Я внимательно присматривался к Соколову-Микитову. Что-то мало было в нем сходства с писателем, с кабинетным сидельцем и книжником! Так мог выглядеть старый, но крепкий еще «культурный хозяин», крестьянин, который стал на ноги в двадцатых, читает агроброшюрки, выписывает газету, а то сам в ней выступает селькором. Одним словом – «Землю попашет – стишки попишет»… Так мог выглядеть и состарившийся на своем деле рыбак – но опять же из тех, который опытом, независимым справедливым словом своим, выдвигается и ставится над артелью, как ее совесть и суд непререкаемый…
Я обвел взглядом комнату – библиотеки, которую искал, не было. Соколов-Микитов, кажется, догадался о моей мысли…
– О, если бы я сберег все книги, которые покупал за свою жизнь – квартиры не хватило бы!.. Как-то ночью, от бессонницы стал подсчитывать все свои жительства после отчего дома… За полста перевалило!.. И почти всюду оставлял книги… Потом все больше хорошие были… Вот только теперь живу оседло… Да уже и читать не могу. Жена мне читает вслух – я и слушаю.
И тут я заметил на полочке – девять темно-лиловых томов Бунина, первого и единственного пока собрания сочинений его. Я почему-то догадался, что Лидия Ивановна (так мне представил жену Иван Сергеевич) читает именно эти томики. Впрочем, вон и бумажка-закладка видна в отдельных томах.
И я спросил о Бунине. Соколов-Микитов сразу оживился, даже похоже, заволновался. Словно я нежданно-негаданно нажал какую-то невидимую пусковую кнопку и побудил его говорить.
– Я ведь встречался с Буниным!.. Это вы, наверно, читали и знаете… Но как неправильно все это представляют! Мол, встреча двух писателей – и что же здесь особого?
А ведь я тогда не был писателем! Так, что-то вроде пробы пера. А Бунин уже был известным на всю Россию писателем! Он и был старше меня лет на двадцать три – двадцать пять. Одним словом – передо мной предстал «господин Бунин», а я кем был?

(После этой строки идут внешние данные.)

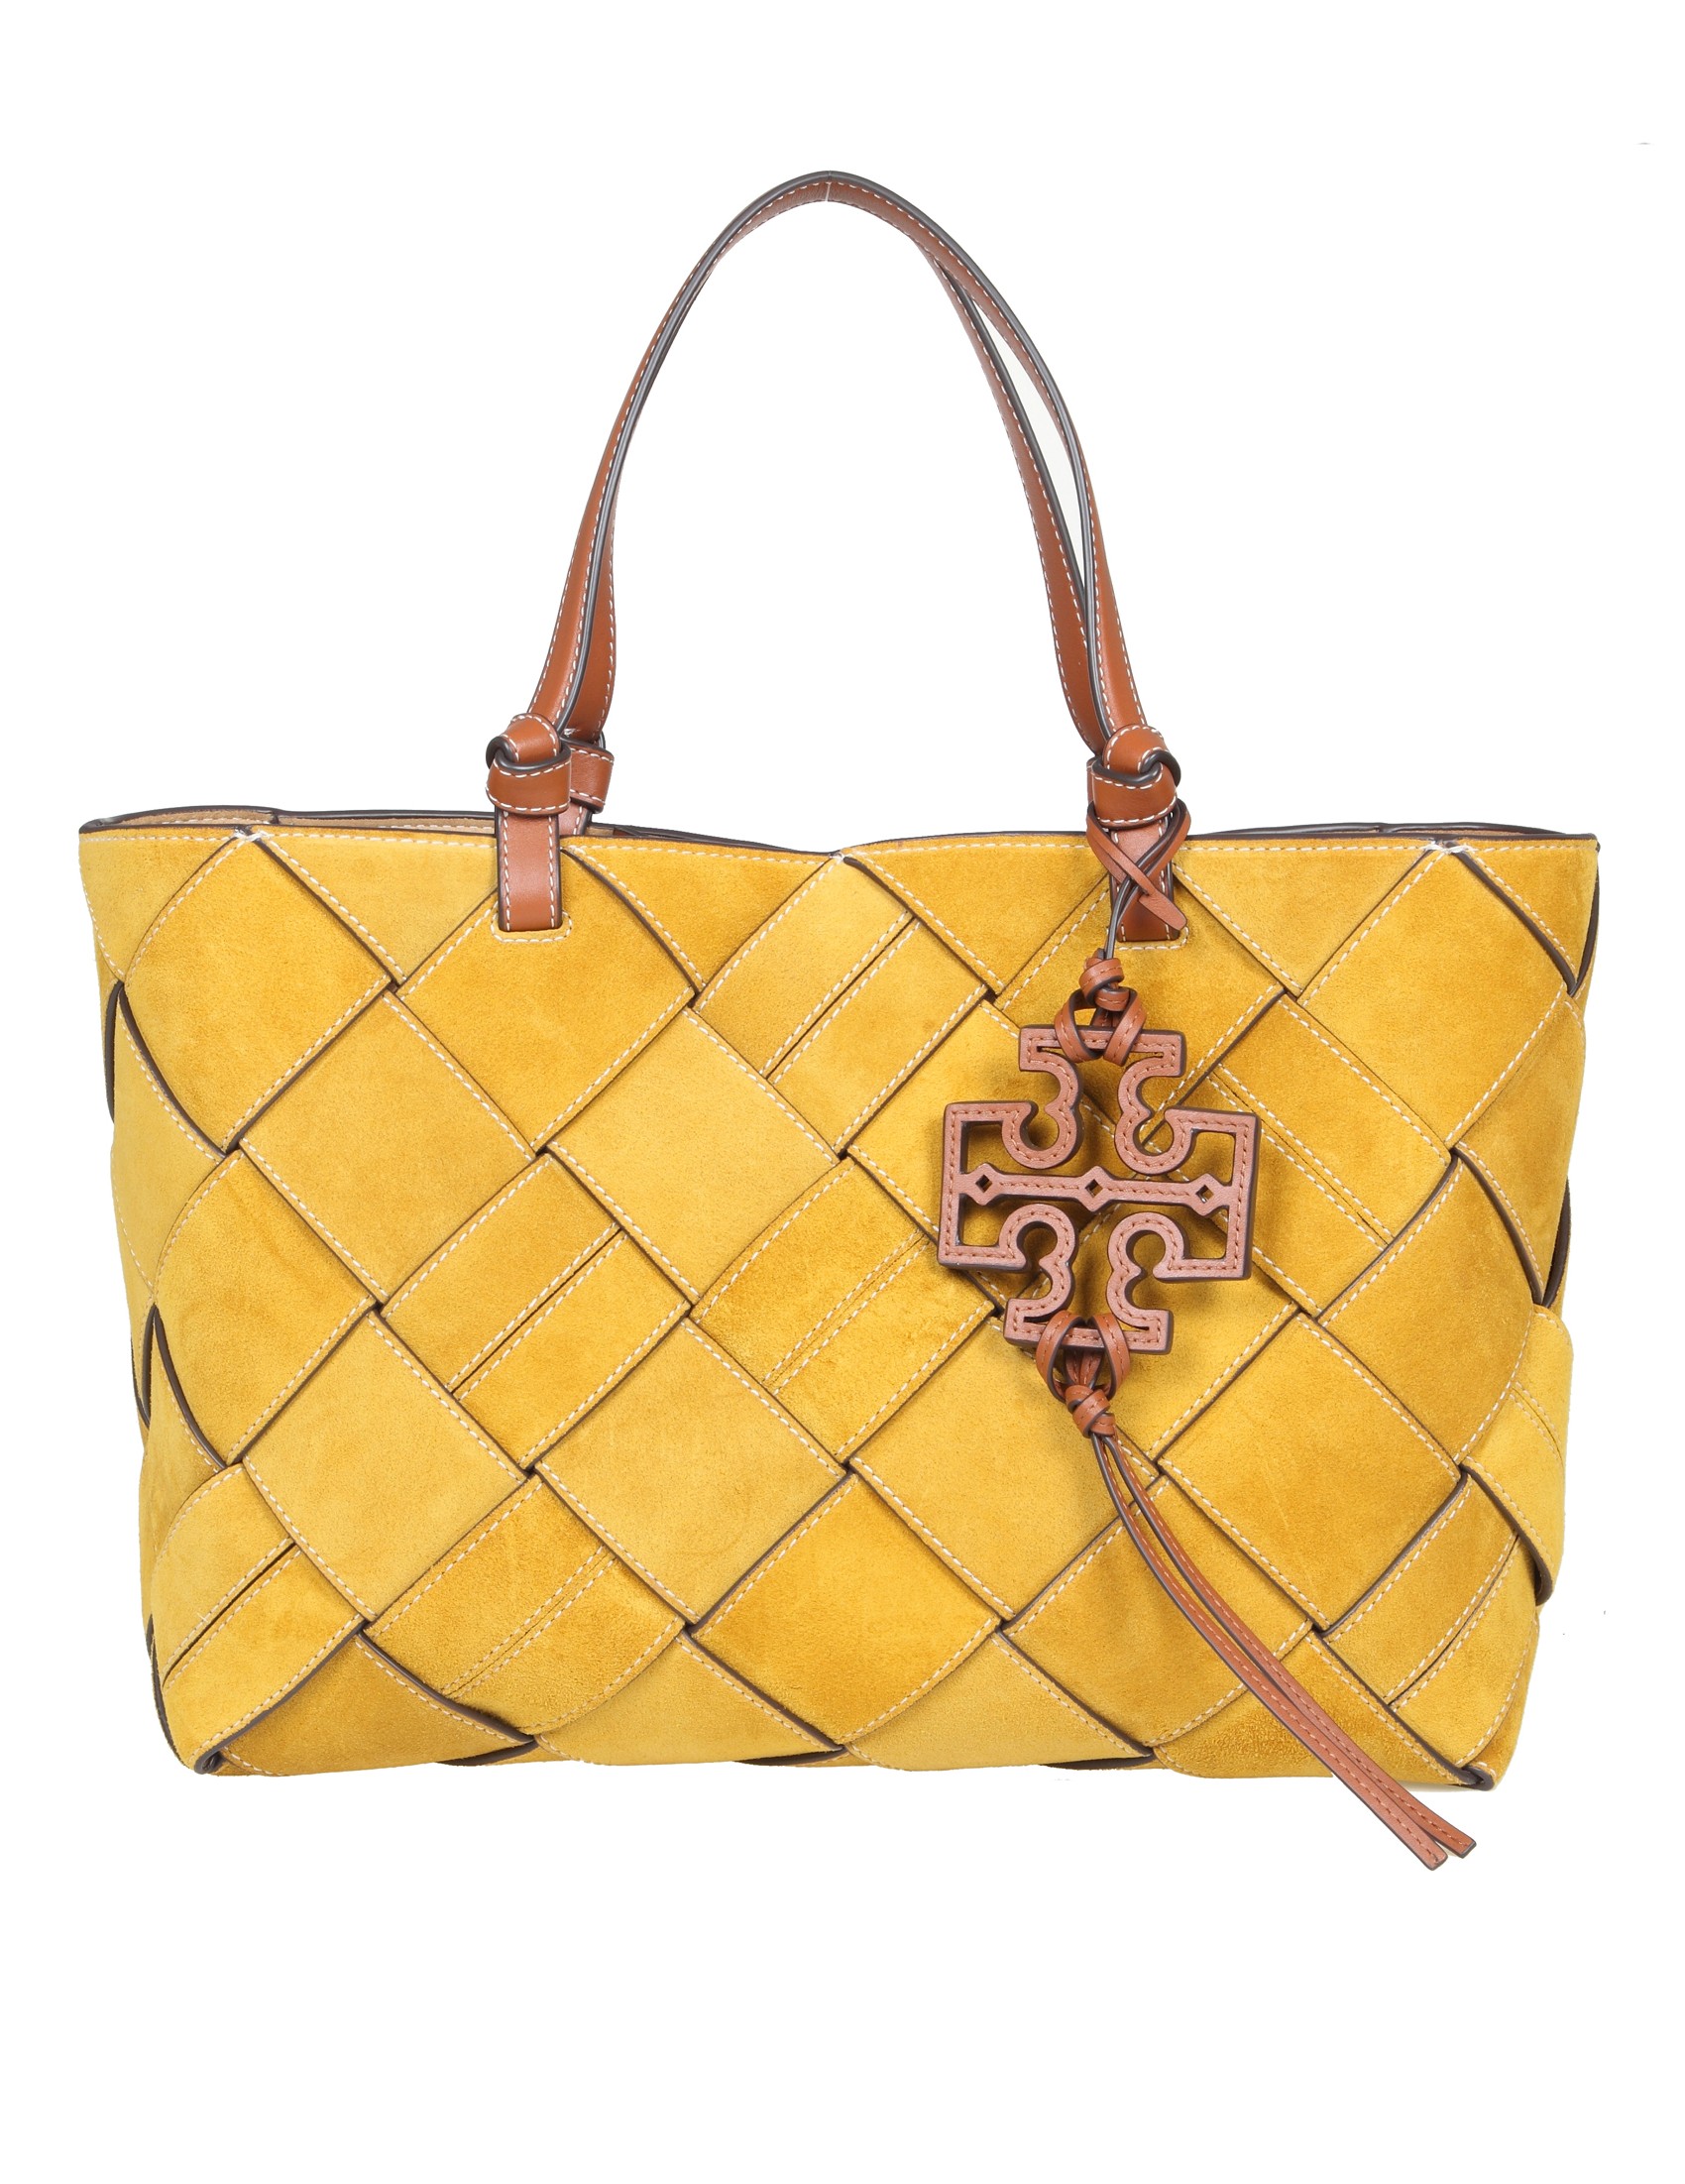 TORY BURCH SHOPPING MILLER IN SUEDE COLOR OAK

Да я и посейчас не знаю – кто я? Вроде как-то случайно оказался в писателях… До сих пор такое чувство… Вон там, в углу, стоят мои книжки. Издают, читают вроде бы. А мне все кажется, просто я знал хорошо одного человека, его жизнь, то, что он любил, увидел, пережил, то и рассказал. За него. Всего-навсего… Какие-то косвенные отношения! И книги как бы не мои, и не писатель я вовсе: так и поделилась душа между морем и землей, между трудом работника и писательством…
А там и вовсе себя почти не сознавал перед «господином Буниным». Так его и назвал про себя, вроде как «Господин из Сан-Франциско». К тому же знал, что он из бар, из дворян как-никак, а я смоленский мужик.
Взять хотя бы одежду его. На нем все было «барское», «интеллигентное». И костюм, и тросточка, и стоячий воротничок с «бабочкой». И шляпа – канотье. А на мне – сапоги смазные, брюки напуском, косоворотка до колен и перехваченная эдаким витым шнуром с кистями… То ли слободской мещанин, то ли сельский попович…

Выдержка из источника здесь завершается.